What this task involves
Write out the data word for word, taking care that no picture is carried over.

Given material
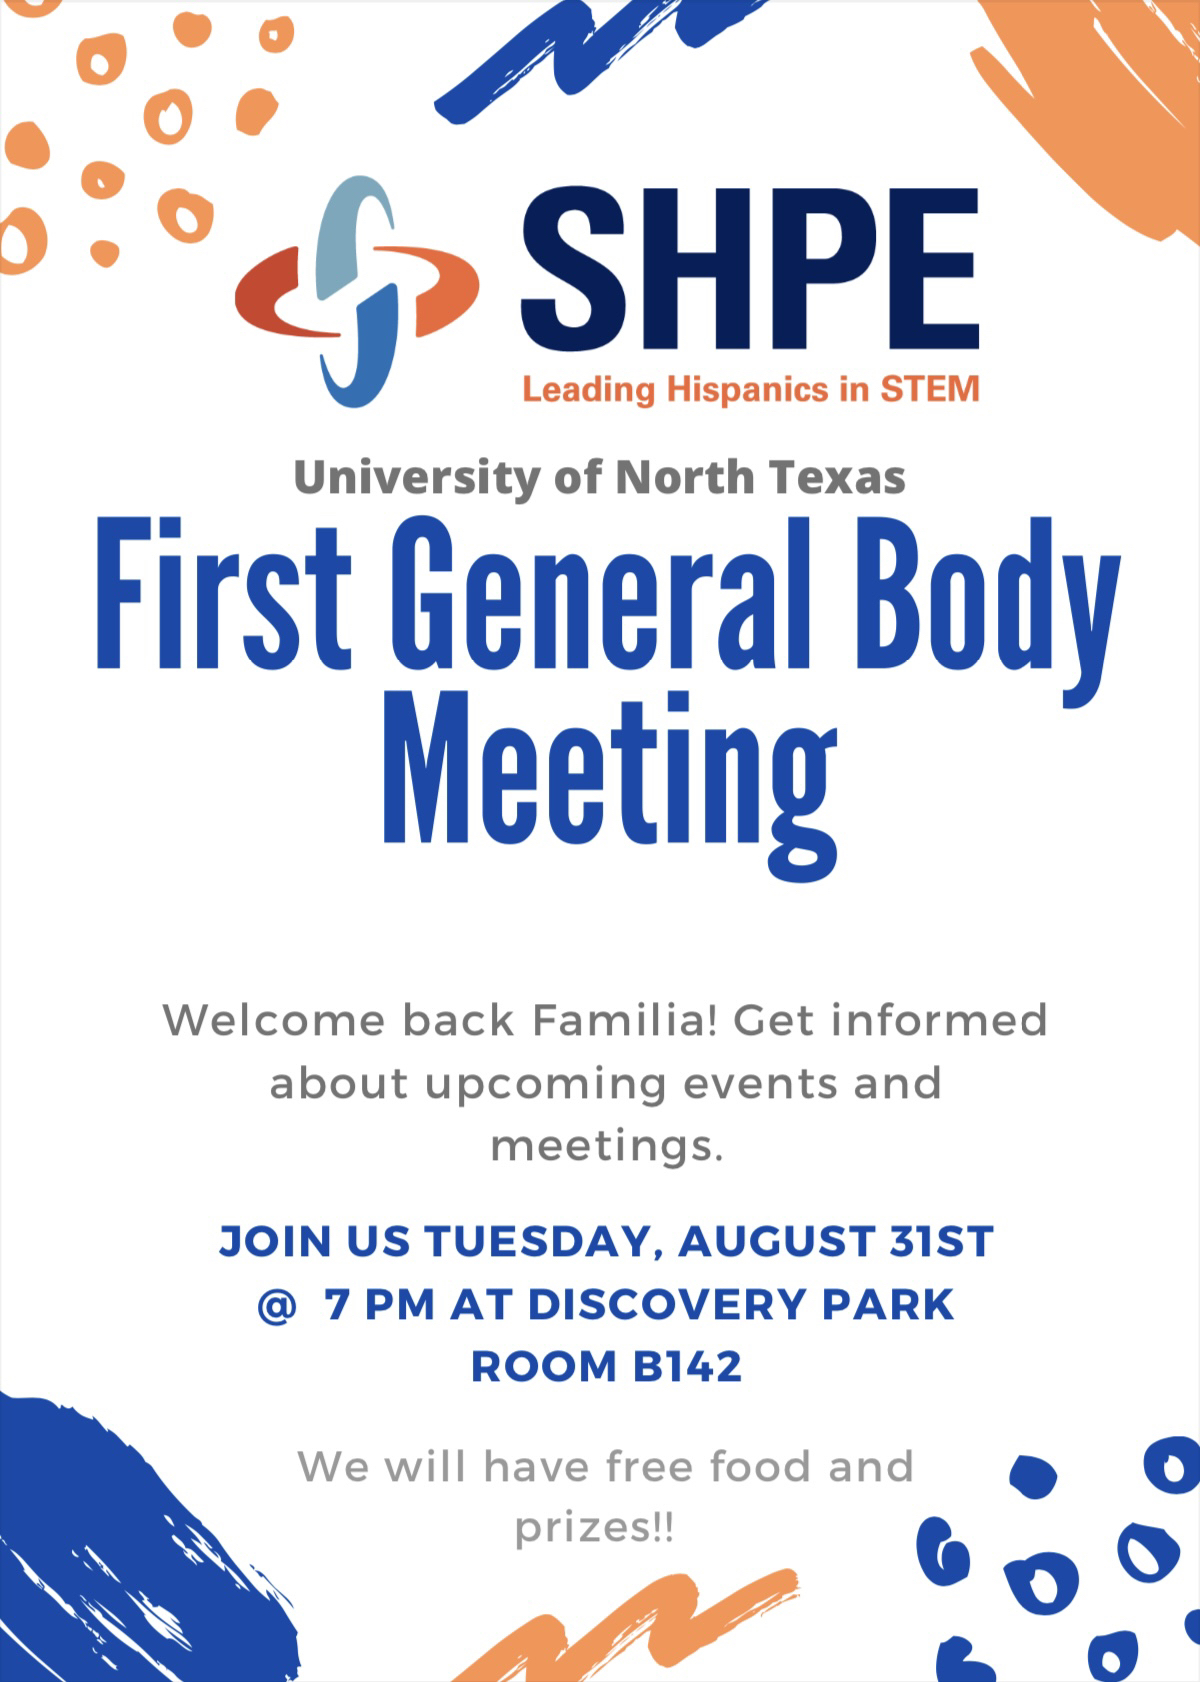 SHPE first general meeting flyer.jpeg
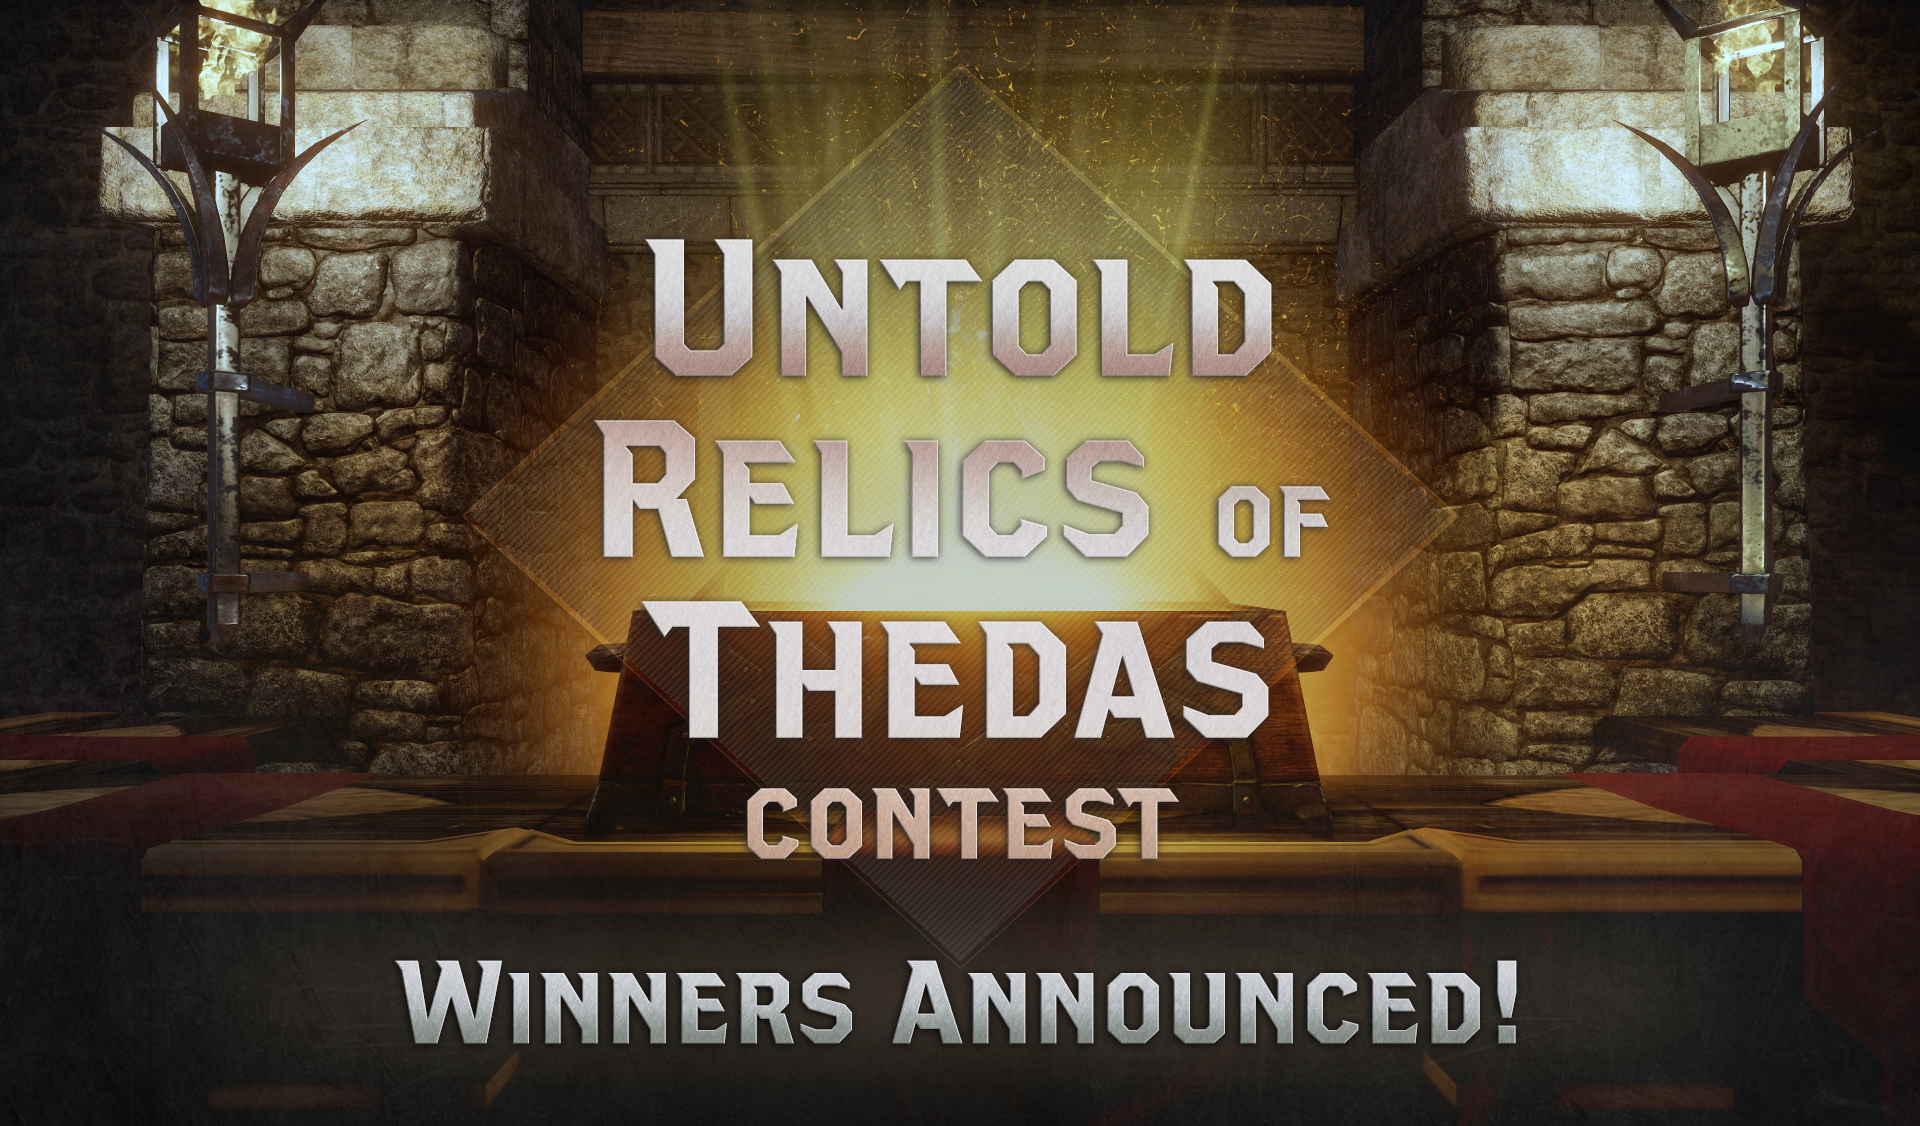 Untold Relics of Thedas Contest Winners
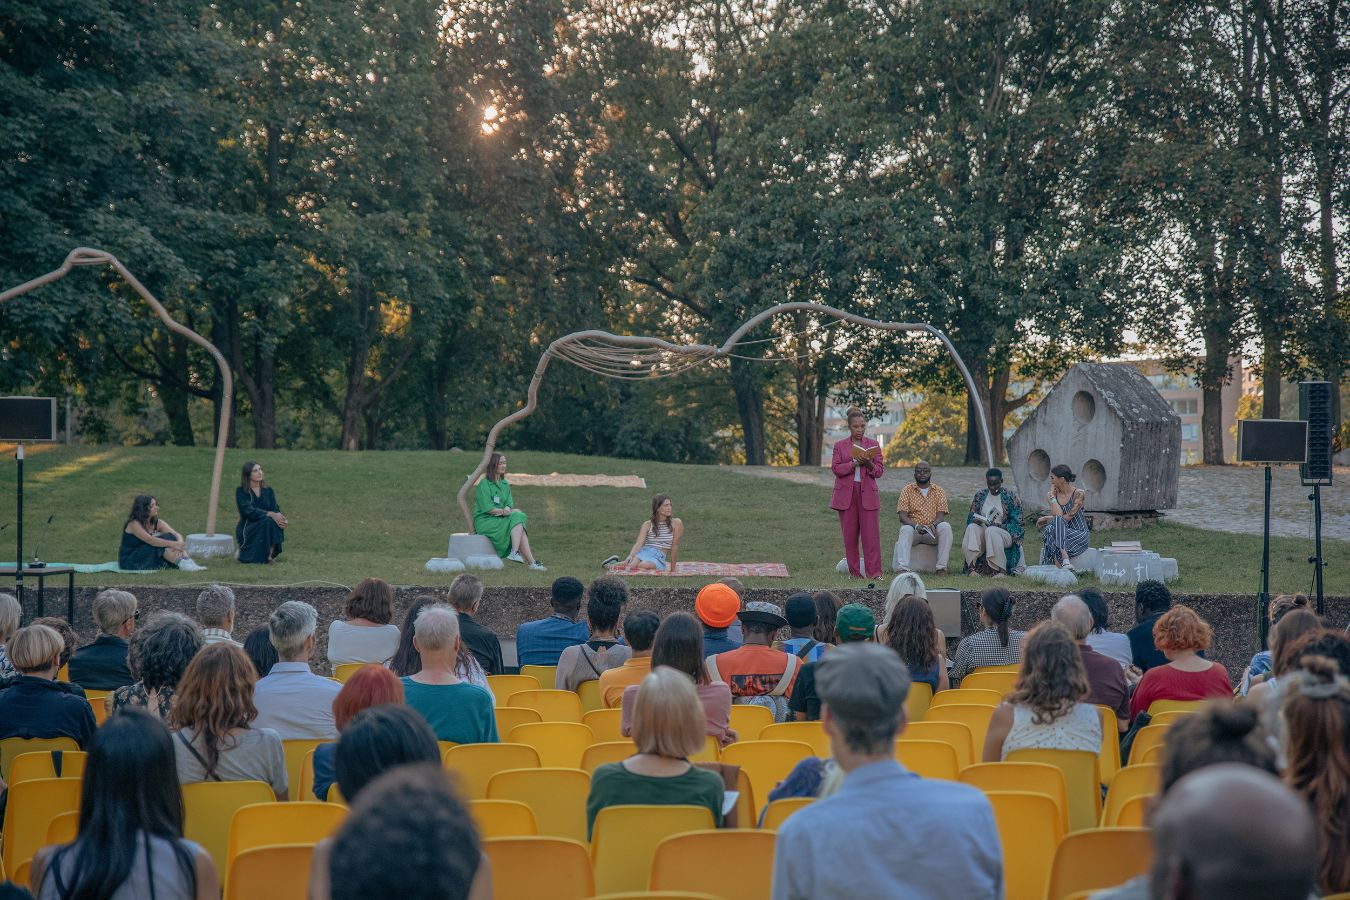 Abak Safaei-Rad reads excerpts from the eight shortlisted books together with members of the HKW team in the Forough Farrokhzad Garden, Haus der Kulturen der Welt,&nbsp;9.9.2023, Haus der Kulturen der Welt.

Solution for this problem
 SHPE first general meeting flyer.jpeg
 Untold Relics of Thedas Contest Winners
 Abak Safaei-Rad reads excerpts from the eight shortlisted books together with members of the HKW team in the Forough Farrokhzad Garden, Haus der Kulturen der Welt,&nbsp;9.9.2023, Haus der Kulturen der Welt.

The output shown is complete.